In that discussion, it is possible to find all process that reads /dev/nvidiaX and weren’t actually doing anything by manually checking the process id. However, when there’re multiple GPU, every processes open all /dev/nvidia (e.g. 0-7) even with CUDA_VISIBLE_DEVICES=x
is defined.
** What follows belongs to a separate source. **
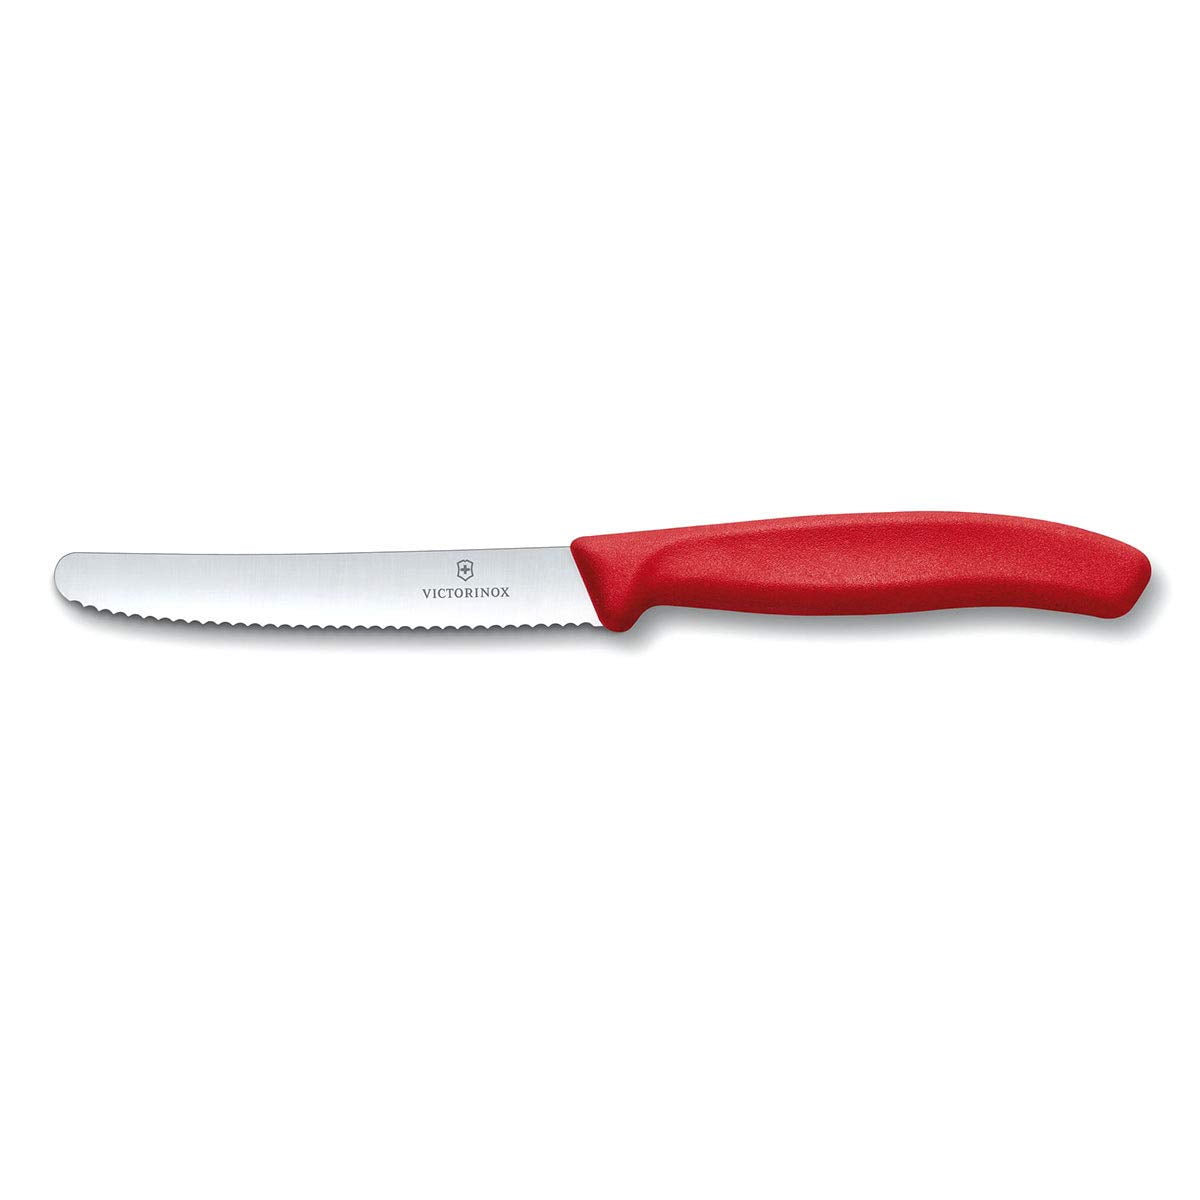 jakmell - 4 Inch Serrated Paring Knife, Utility Knife for Chopping Paring  Dicing, Stainless Steel Tomato Knife, Steak Knife with Ergonomic Handle

Although the processes correctly uses the corresponding GPU, if this wasn’t occurring (i.e. process open all possible file descriptors), the solution of the issue would simply be fuser -k /dev/nvidiaX
(assuming that’s the only job). Technically it’s possible to kill individual process by careful checking (haven’t tried yet), but why does this happen at all? Is this a bug?
Here’s the dump of lsof /dev/nvidia0
. process was created with CUDA_VISIBLE_DEVICES defined. (only 1 GPU).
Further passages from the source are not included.